# Question!



## Mettaur (May 28, 2007)

Alright. All the time I've been hearing people and their new computers, or upgrades and whatever crap on IRC or MSN or whatever.

My point? Well, it's getting pretty annoying! I mean, seriously. D: I hate it when people who have the money to do these things brag and brag and brag, and then they don't understand why people are getting pissed off at them.

Anyways, this topic is for all of us with not so good computers. We may know lots o' junk about em, or we may just be completely clueless, or we just don't happen to have a nearby computer shop that is worth going too. (70$ for a 256MB stick of DDR ram around here for the lose!)
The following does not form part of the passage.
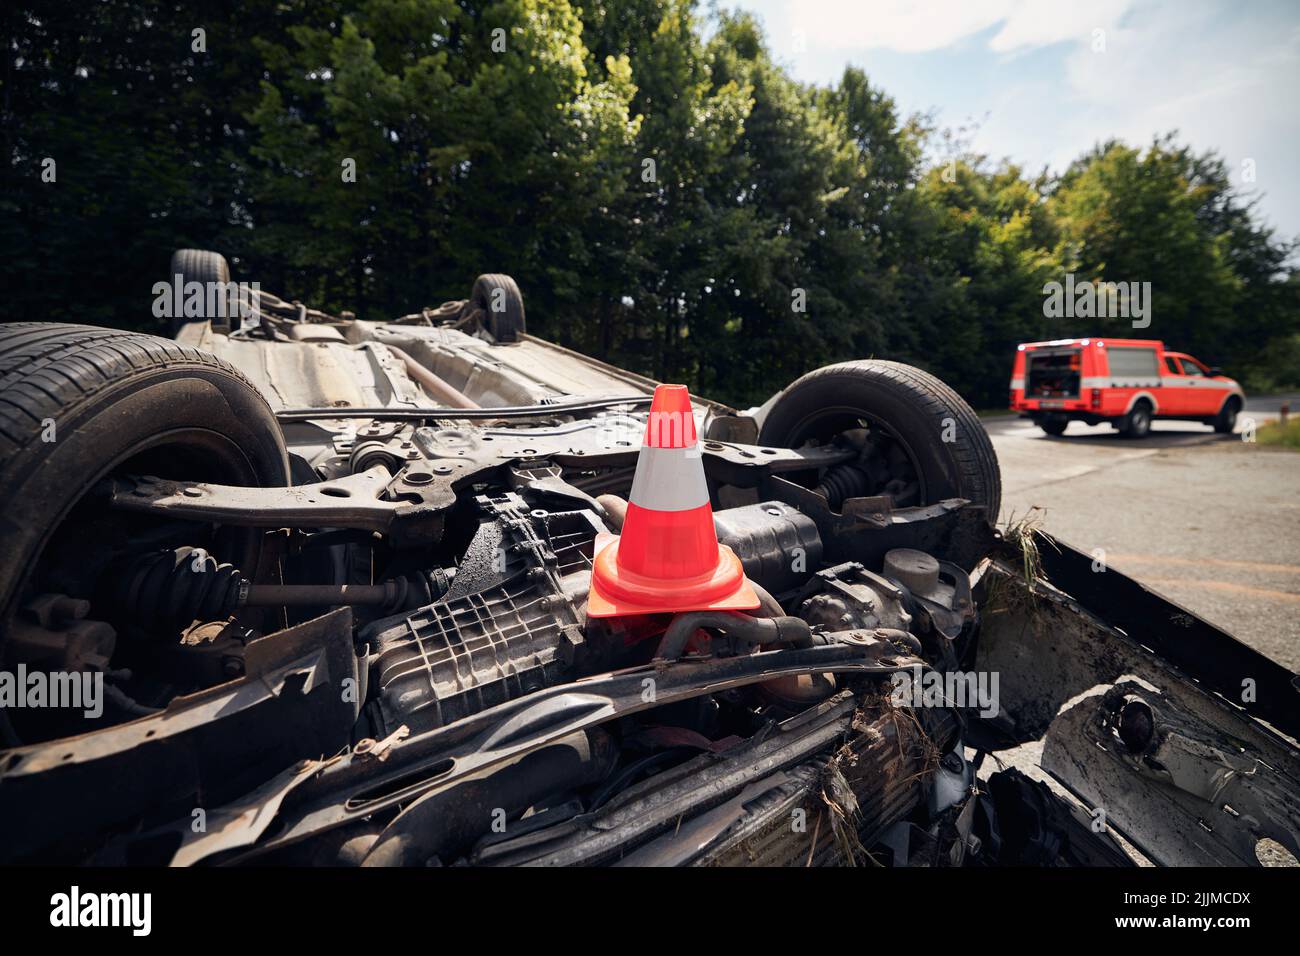 Damaged car on the roof after accident against fire rescue vehicle. Selective focus on traffic cone. Stock Photo

Soo, post yer' specs and the reason you are staying behind in the computer world!

Me:

Intel Celeron, 2.1 GHz processor.
512MB DDR RAM
Failing Radeon 9250 Graphics card.
37.8 GB HDD
Windows XP SP1, etc etc etc... You get the picture for my computer. Barely enough to run some graphics heavy stuff these days, but enough for art and internets browsing for a few more years.

I'm not upgrading for the fact that Paypal hates me, so I can't buy stuff online... I refuse to get a credit card, and computer stuff around here is insanely expensive.

You people? :U


----------



## net-cat (May 28, 2007)

I'm sticking with a crappy graphics card (X300) and XP because I'm far to lazy to do the things I'd need to do to install a better card and use Vista. (Nothing I do on computers these days requires them, either.)

But I would recommend updating your computer to Service Pack 2. Microsoft hasn't released a security update for Service Pack 1 since October of last year...


----------



## codewolf (May 28, 2007)

you guys really wont like me then 

my computer is pretty high spec (purely due to lots of stuff nicked outa the computer skip at my uni.....they threw away flat-panels ffs!!!!!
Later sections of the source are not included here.